人的資本経営の潮流と人事コンサル需要の高まり
人的資本の情報開示は2023年3月期以降の有価証券報告書から義務化され、対応の担い手として外部人事コンサルタントの需要が高まっています。
2023年3月31日以降に終了する事業年度に係る有価証券報告書から、金融商品取引法上の有価証券報告書提出企業のうち大手企業約4,000社を対象に、人材育成・エンゲージメント・ダイバーシティなど7分野19項目の情報開示が求められるようになりました(JMAM「人的資本開示とは」)。開示自体は数値の集計・記載作業ですが、その裏付けとなる人事制度の設計や指標の定義づけには専門知識が必要で、社内に専任者を置きにくい企業ほど、期間限定で外部の人事コンサルタントを活用する動きが広がっています。
M&A後のPMI人事統合案件の増加
M&A後のPMI(統合プロセス)は人事領域が焦点になりやすく、案件化が進んでいます。
レコフデータの集計では、2025年の国内企業のM&A件数は5,115件(前年比8.8%増)で2年連続で過去最多を更新しました(出典:レコフデータ「2025年のM&A回顧」)。M&A後の統合プロセス(PMI)の成功率は一般に20〜40%程度にとどまるとされ、失敗要因として組織文化の衝突・人材流出・想定シナジーの未実現が挙げられており(出典:フロンティア・マネジメント「なぜM&Aの多くが失敗するのか」)、いずれも評価制度・給与体系・就業ルールの統合という人事固有の実務に起因します。M&A件数の増加に伴い、統合期間だけ稼働する人事PMI案件は今後も一定量発生すると見込まれます。
人事コンサルフリーランス案件の種類と単価相場
人事コンサルフリーランス案件の月額単価は100万円台が中心で、案件の性質によって幅があります。
人事制度設計・タレントマネジメント・PMI人事統合など案件タイプごとに求められる稼働形態や単価水準は異なります。以下でそれぞれの目安を整理します。

人事制度設計・評価制度構築案件の単価レンジ
人事制度設計・評価制度構築案件の月額単価は100〜150万円が中心的なレンジです。
フリーランス人事コンサルタントの案件単価は月額100〜150万円の報酬が多いと報告されています(出典:ランサーズ プロフェッショナルエージェント)。
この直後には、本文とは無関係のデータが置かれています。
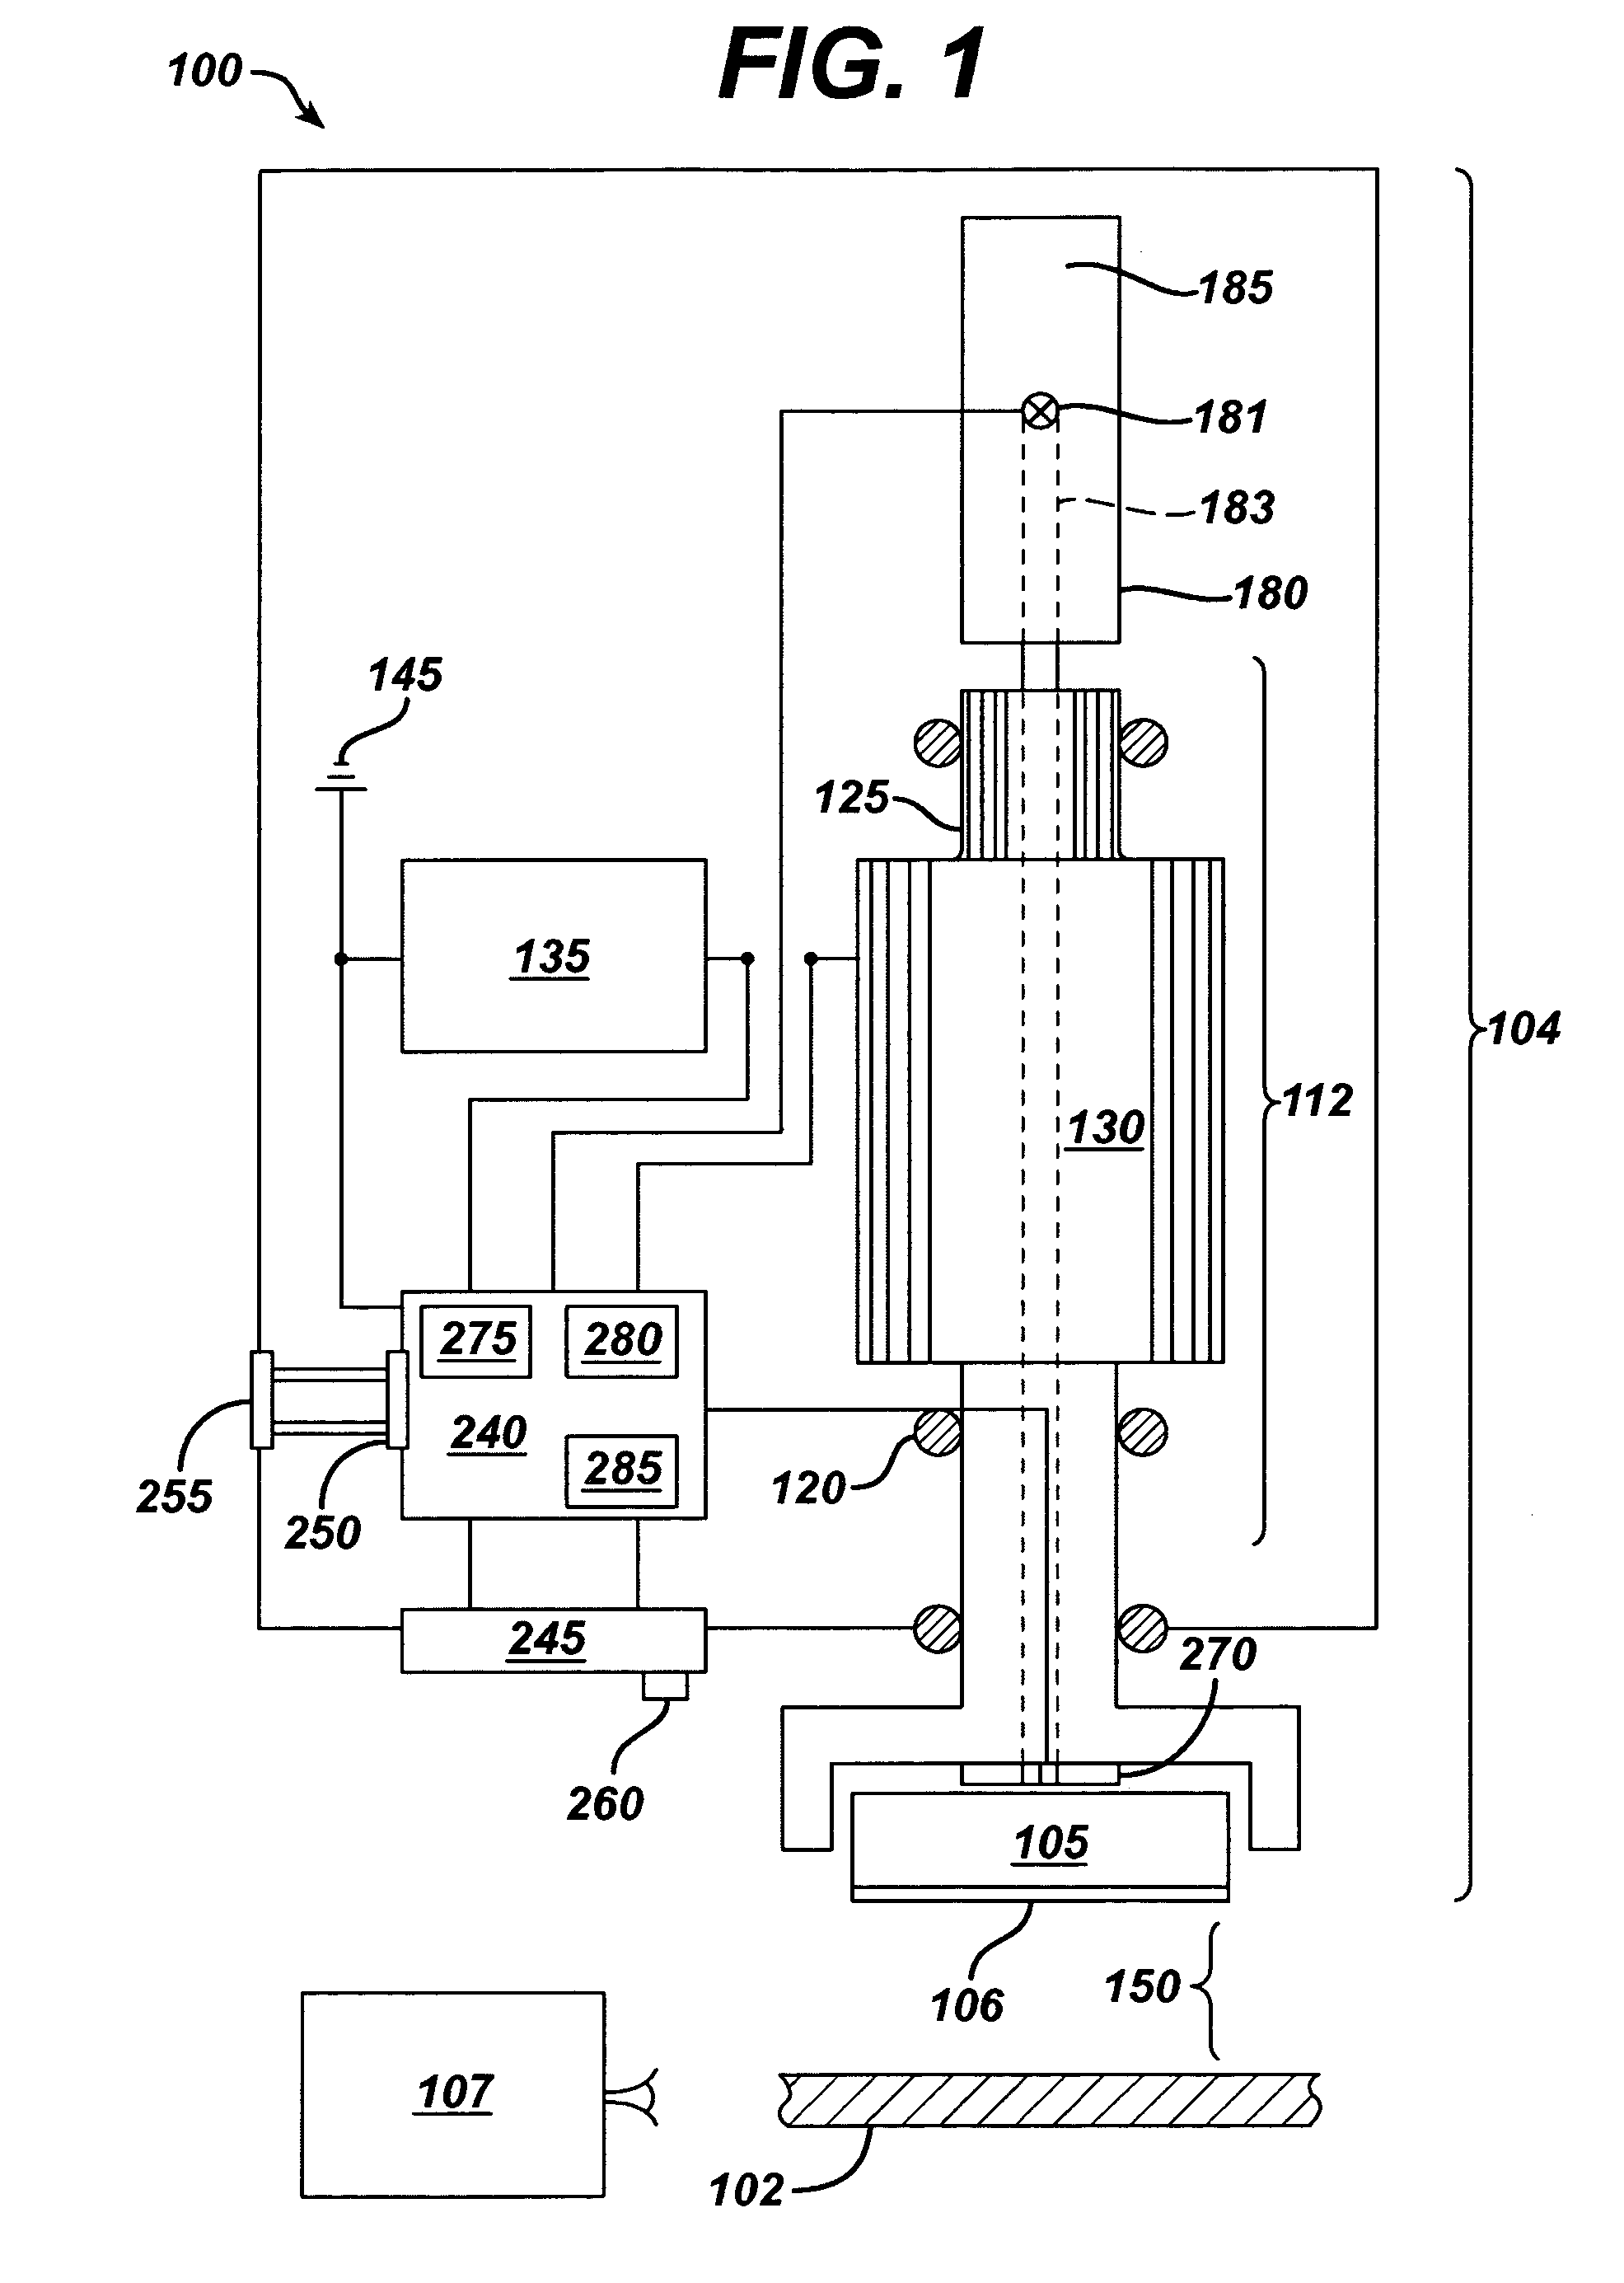 Treatment of skin with an apparatus and a benefit agent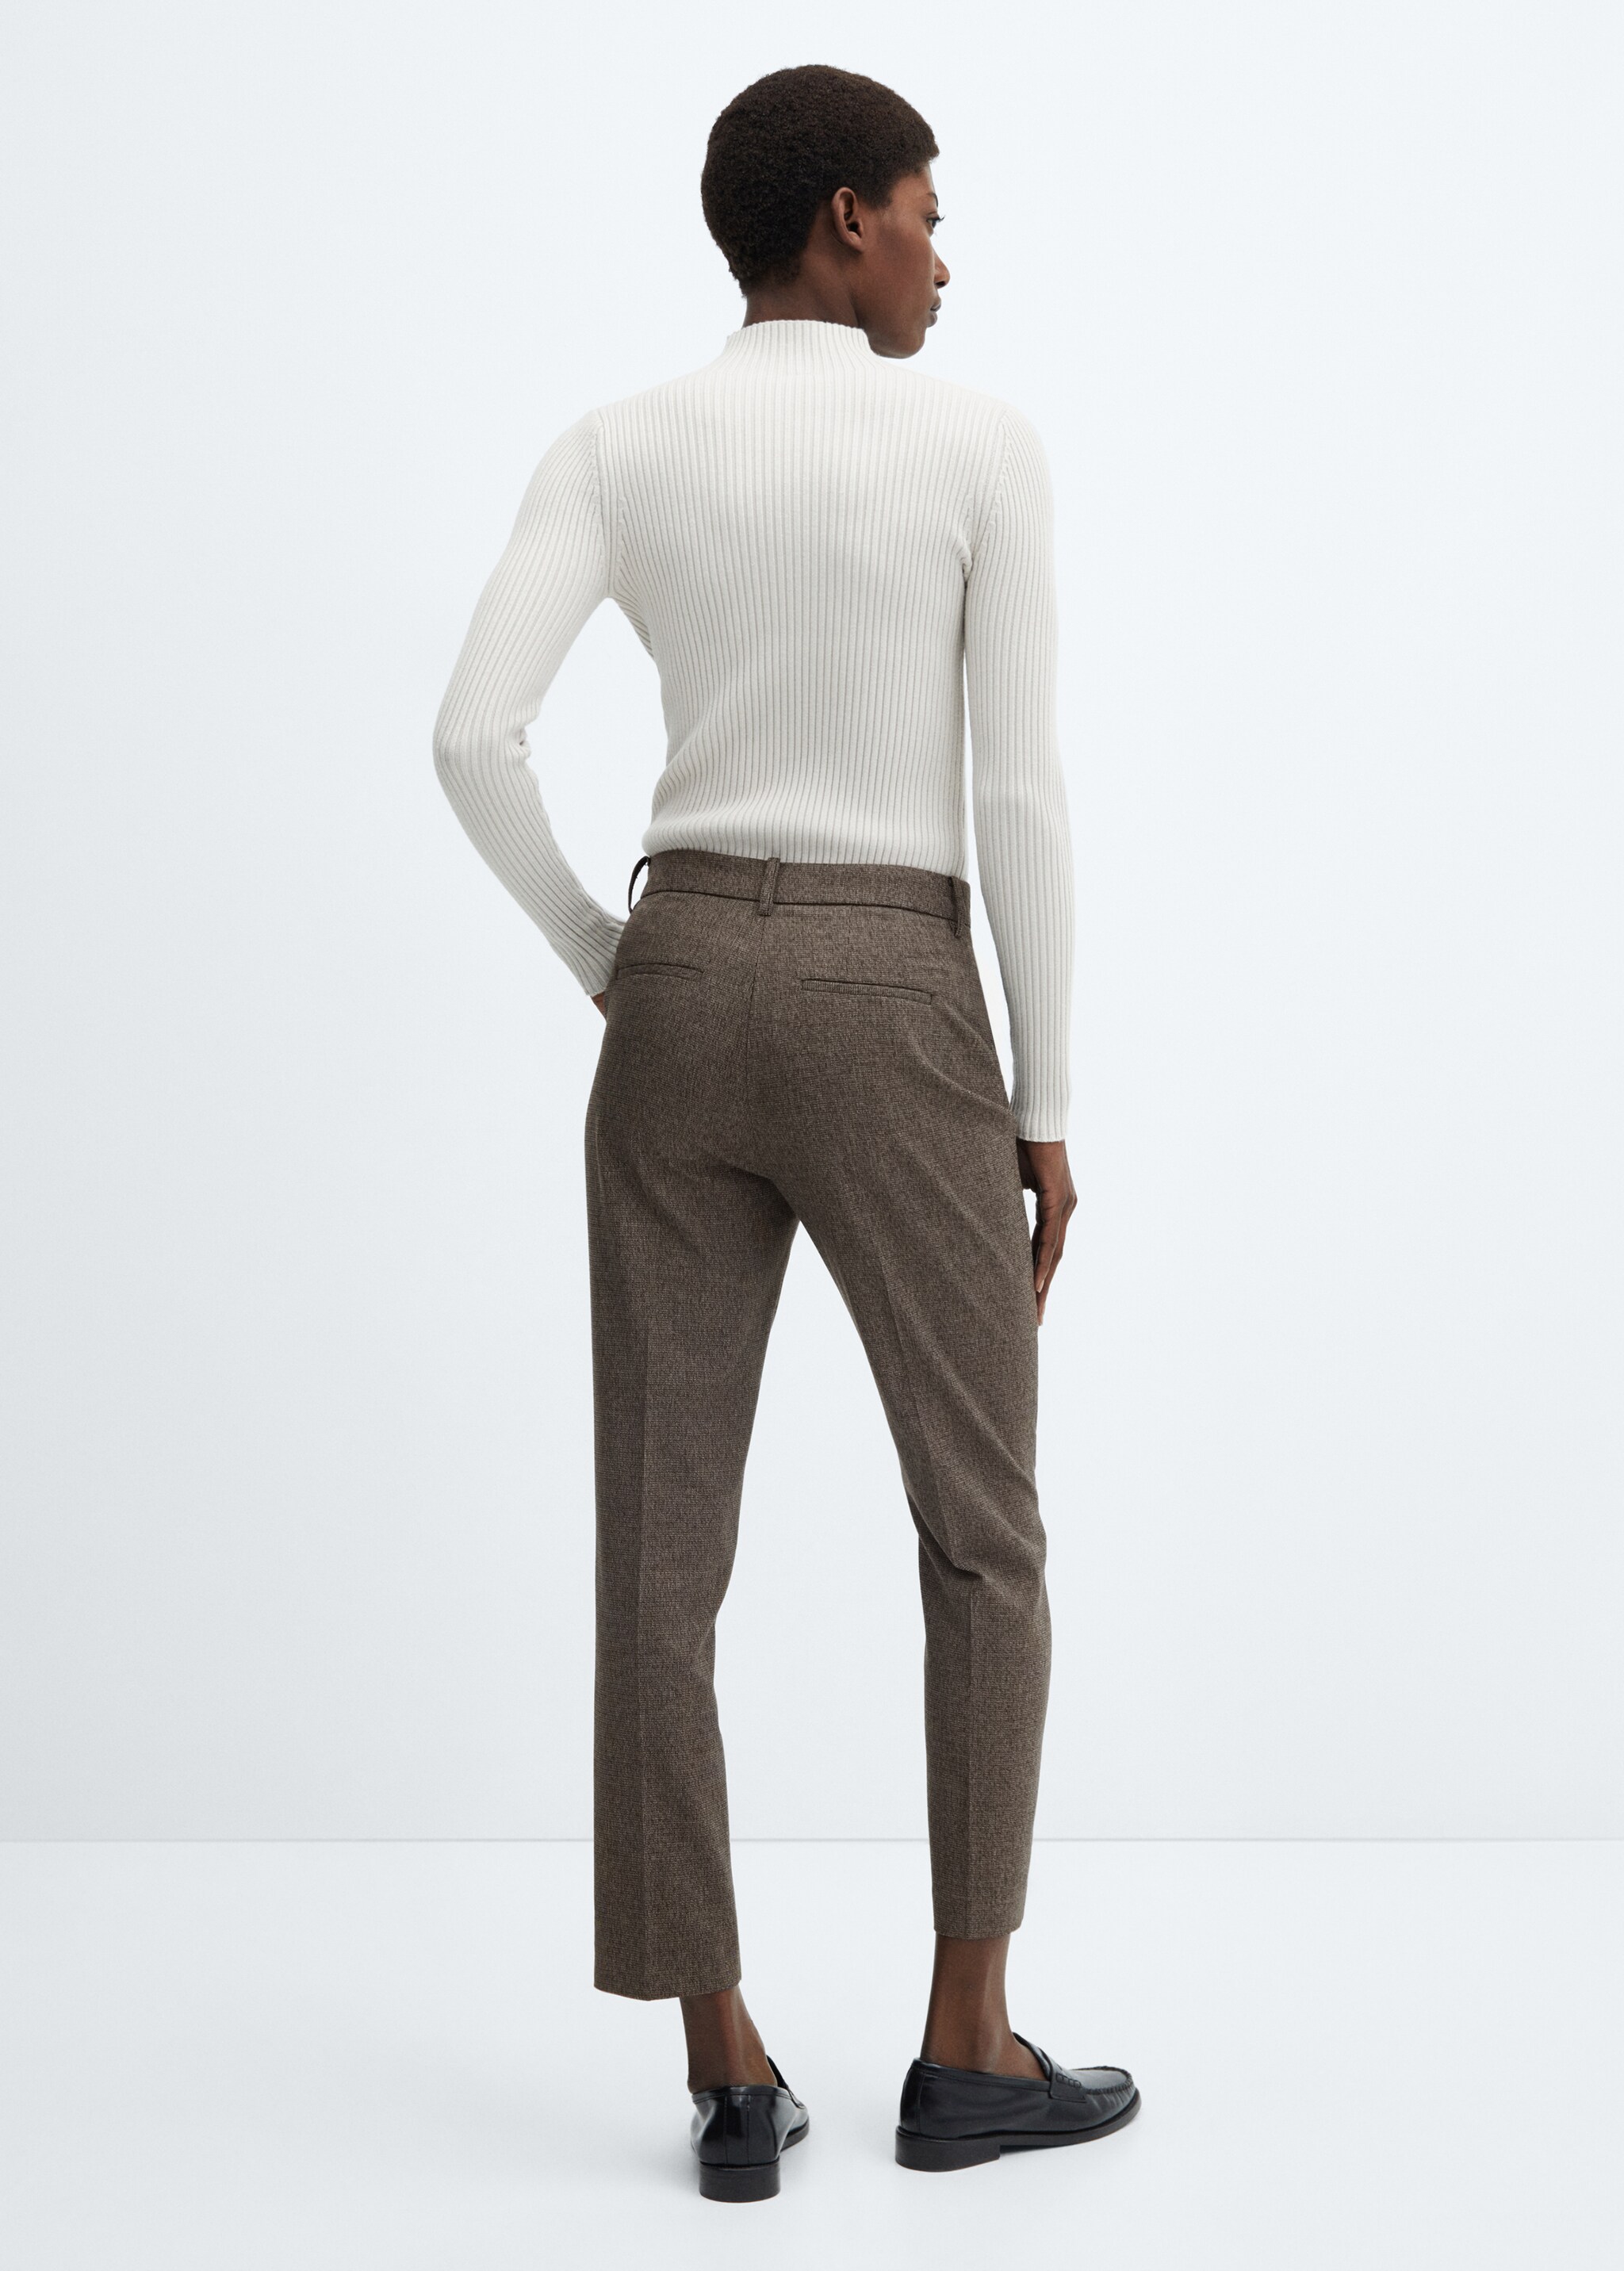 Mid-rise skinny pants - Reverse of the article

これはフリーコンサル市場全体のボリュームゾーン(月額100〜150万円・100%稼働)ともおおむね一致しており、年間を通じて継続的に稼働できれば年収1,200〜1,800万円程度が目安になります。等級制度・評価シートの設計から運用マニュアル整備まで一括で担う案件では、レンジの上限に近い単価が提示される傾向があります。
タレントマネジメント・組織開発案件の単価レンジ
タレントマネジメント・組織開発領域は、担う職位・役割の重さによって単価が変わりやすい領域です。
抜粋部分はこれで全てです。